Information shown:
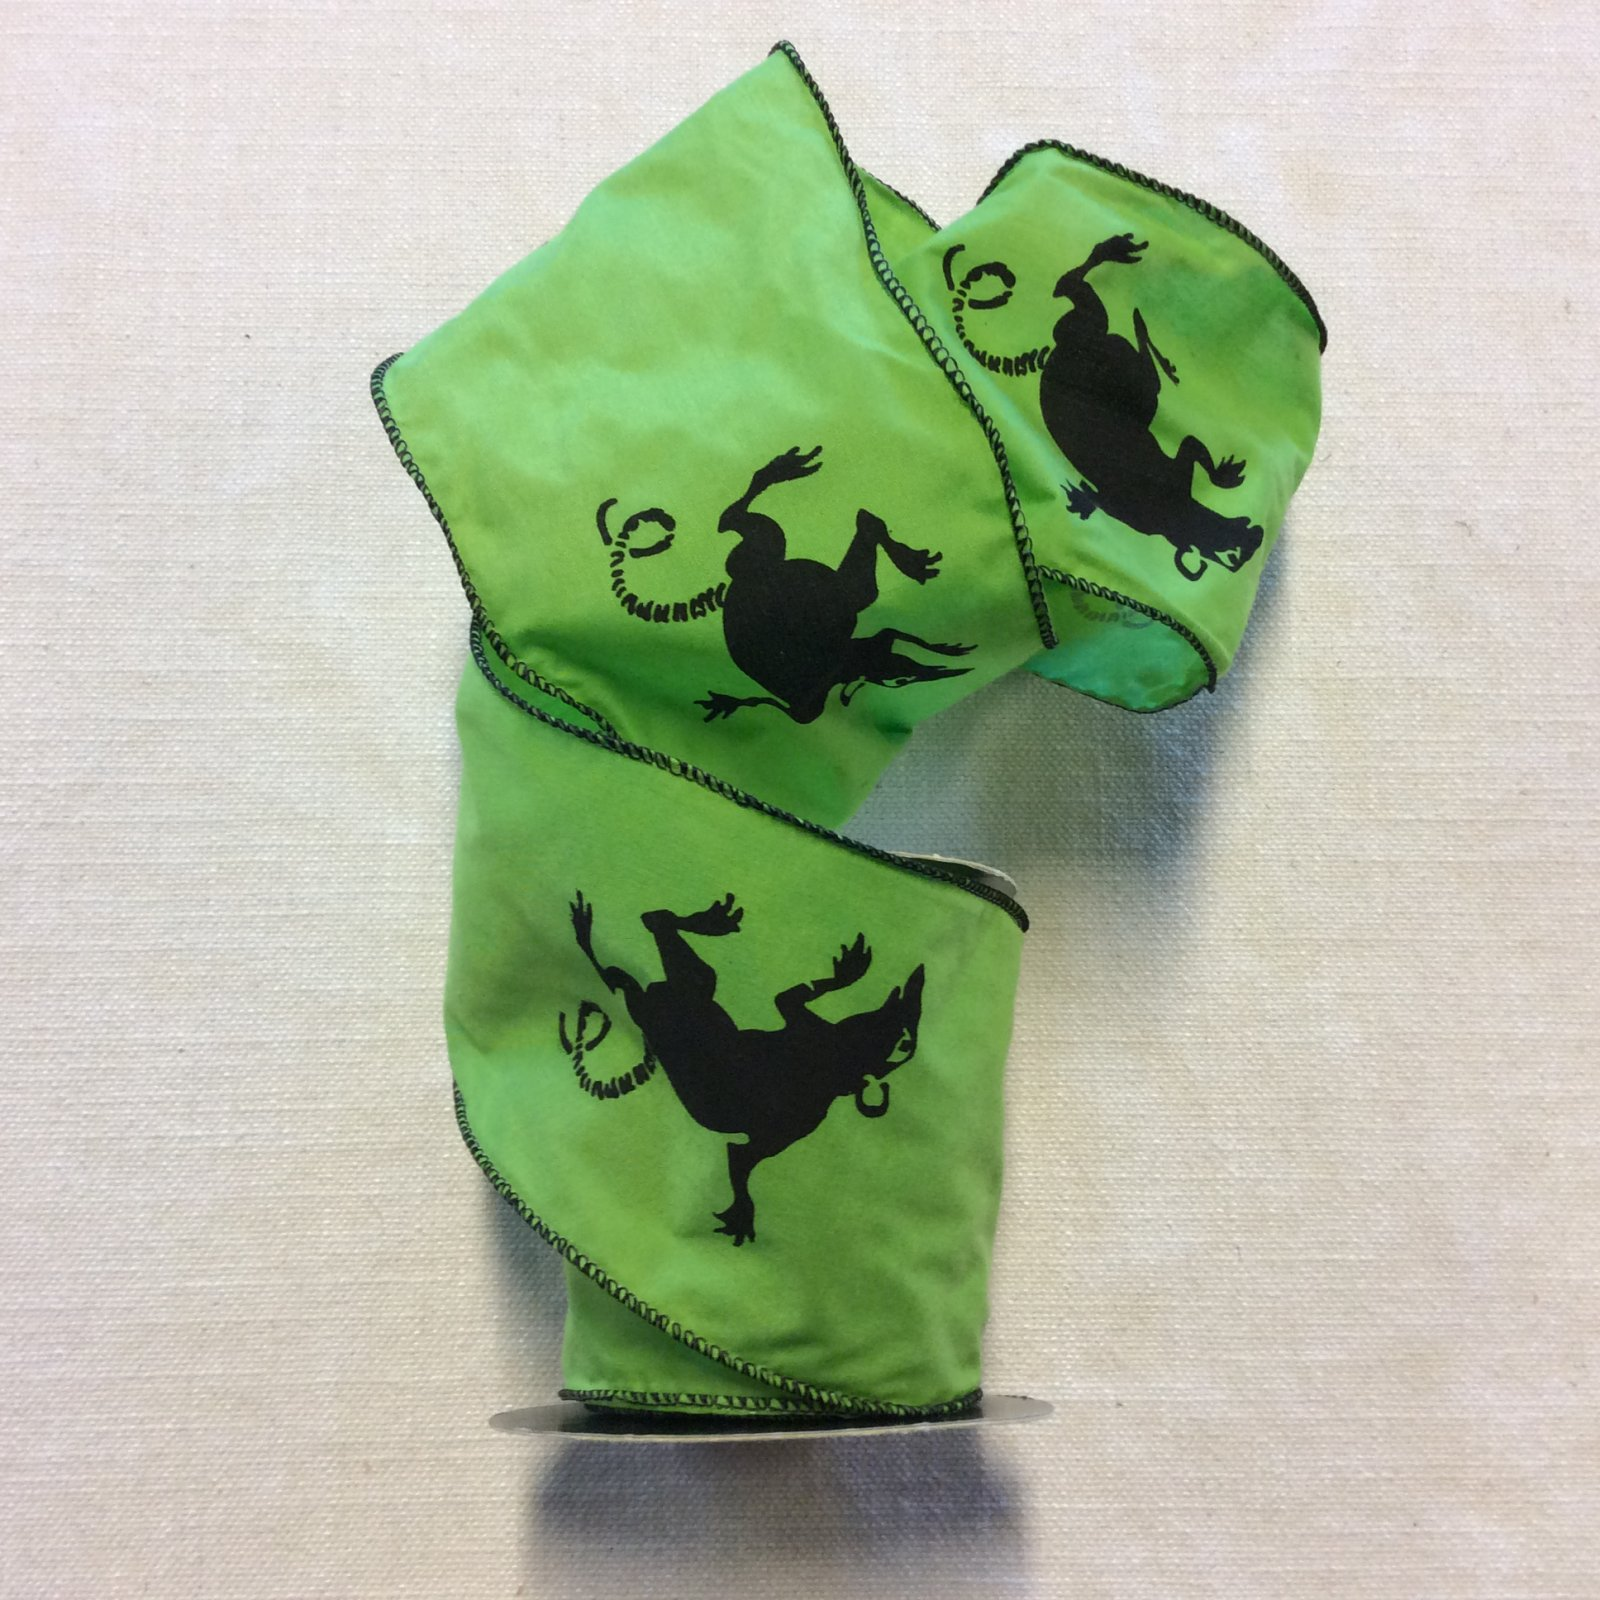 Toxic Rat Printed Lime Green Halloween Wired Ribbon Decor Trim RIB1374
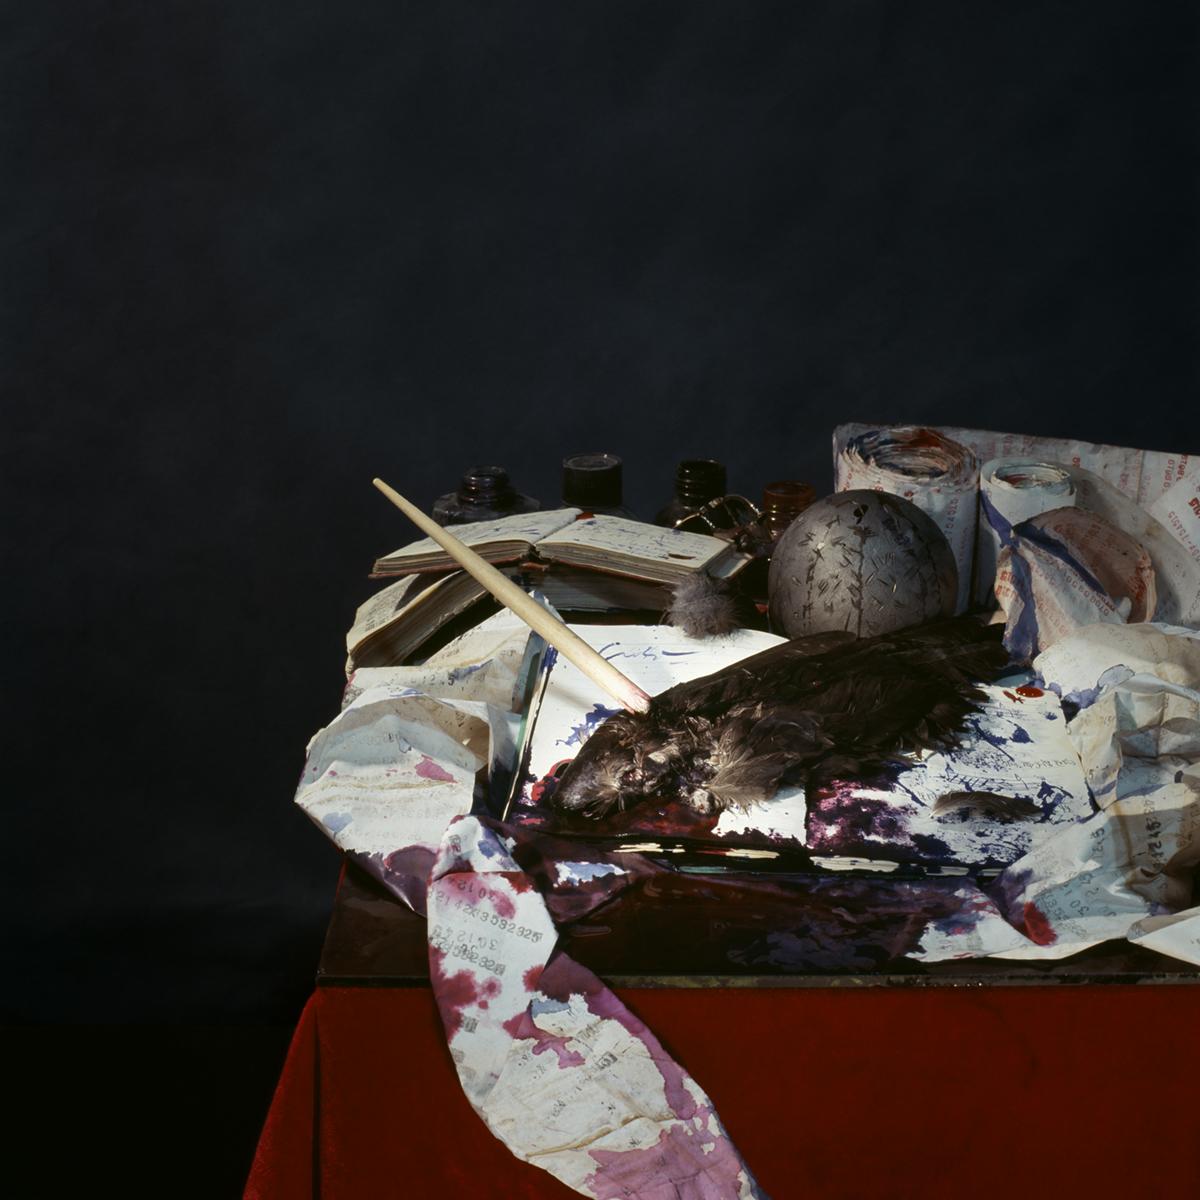 Chen Wei 陈维, The Augur's Game No.1, 2007, Archival inkjet print 收藏级艺术微喷, 80 x 80 cm
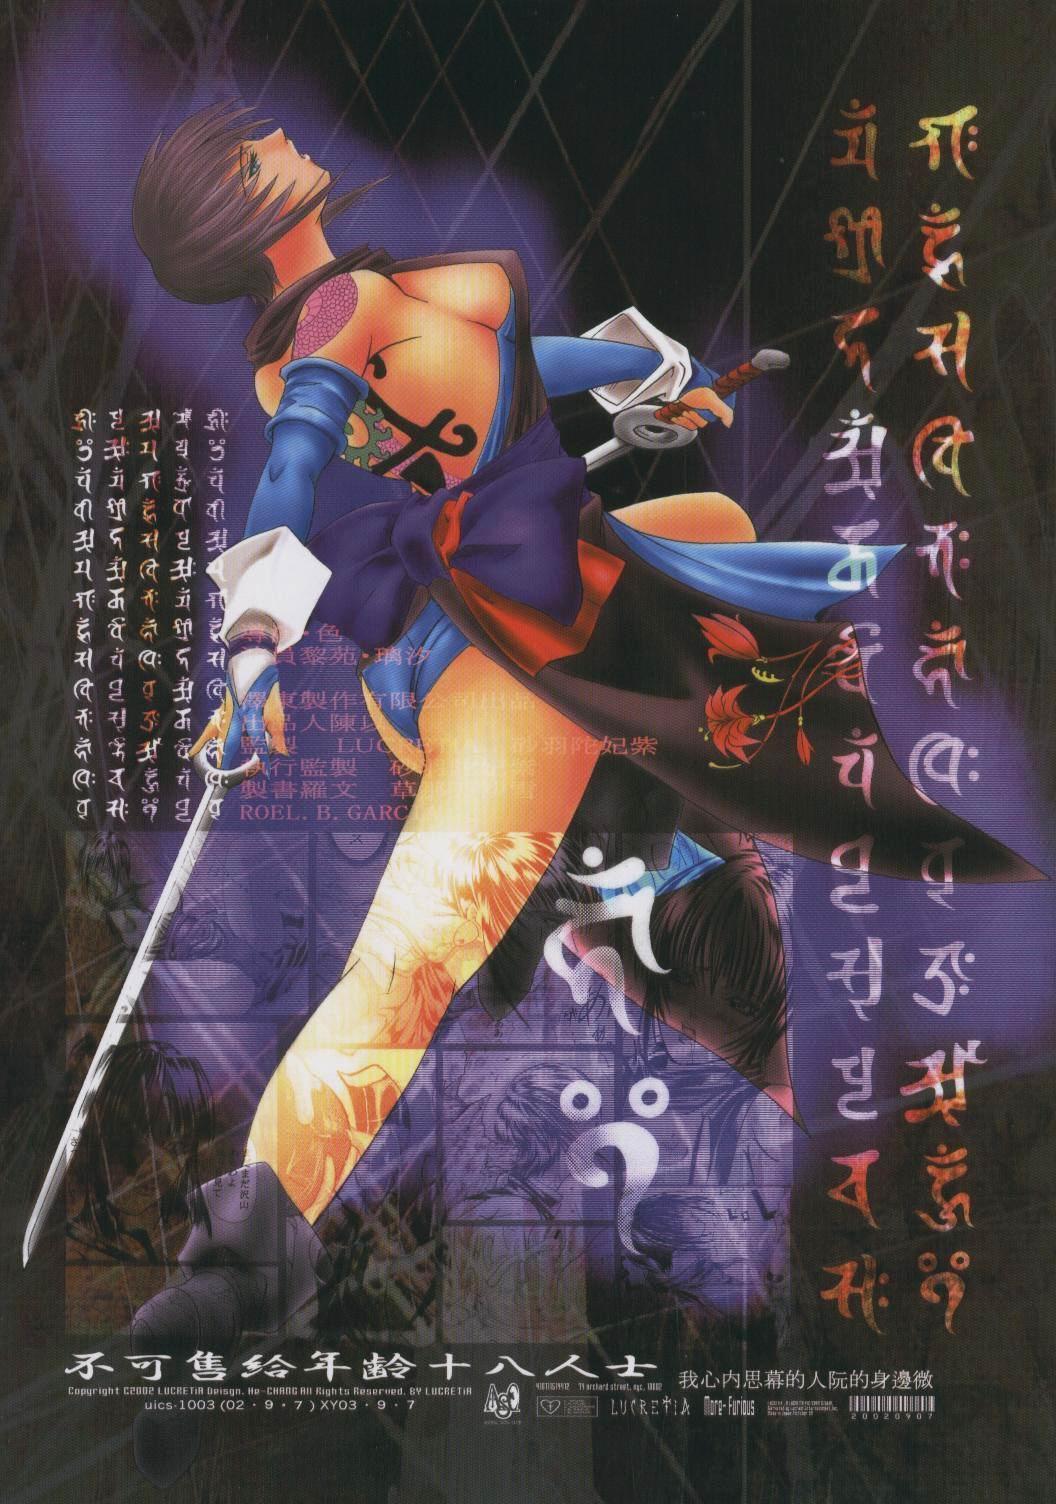 [LUCRETiA (Hiichan)] Ken-Jyuu Retouch Version - Le sexe dur avec l'animal. numero:03 (Samurai Spirits) 32
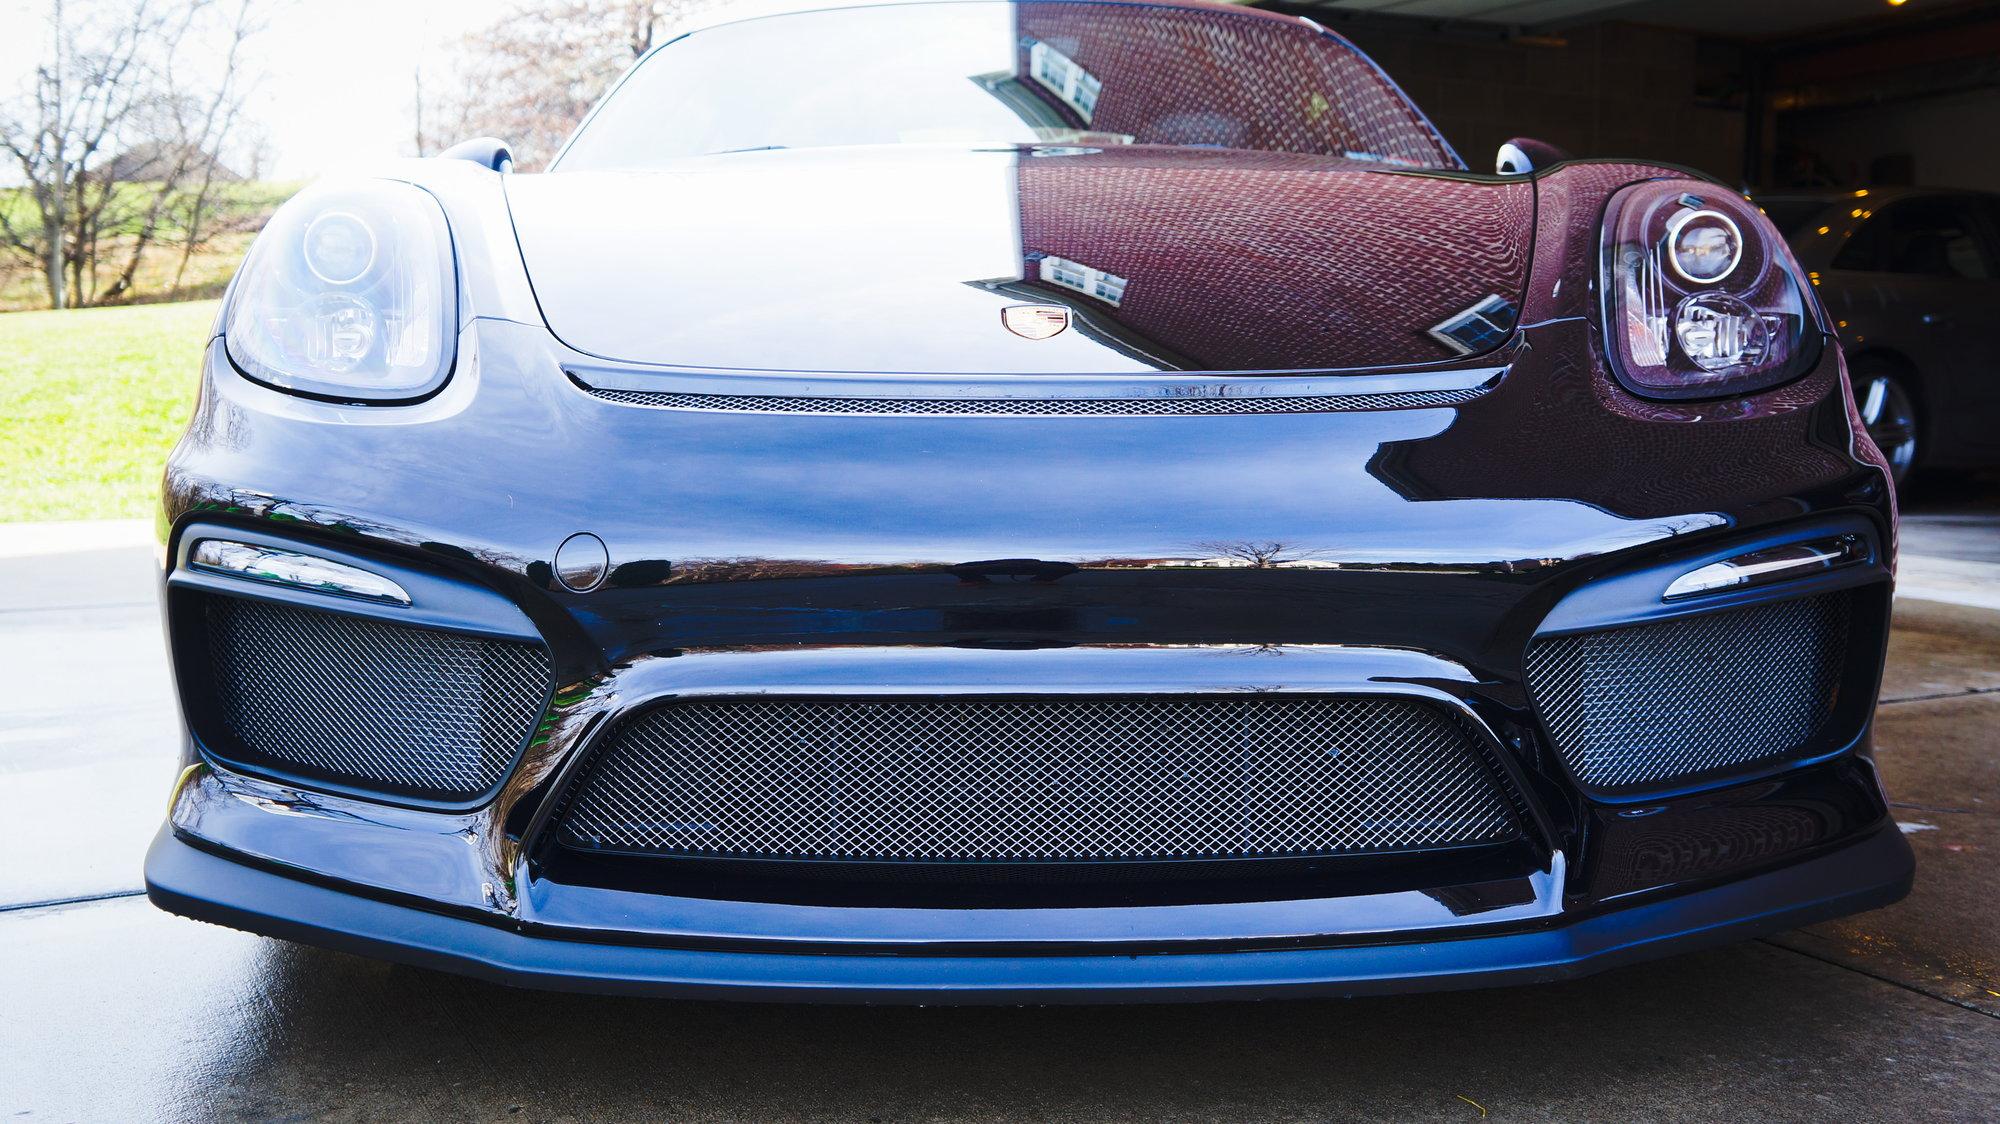 paint front wire mesh grill? - Rennlist - Porsche Discussion

Exercise goal: Starting at the line that contains "Chen Wei 陈维, The", retype every line through the end of the material exactly as written, including both end lines but no pictures.

Solution:
 Chen Wei 陈维, The Augur's Game No.1, 2007, Archival inkjet print 收藏级艺术微喷, 80 x 80 cm
 [LUCRETiA (Hiichan)] Ken-Jyuu Retouch Version - Le sexe dur avec l'animal. numero:03 (Samurai Spirits) 32
 paint front wire mesh grill? - Rennlist - Porsche Discussion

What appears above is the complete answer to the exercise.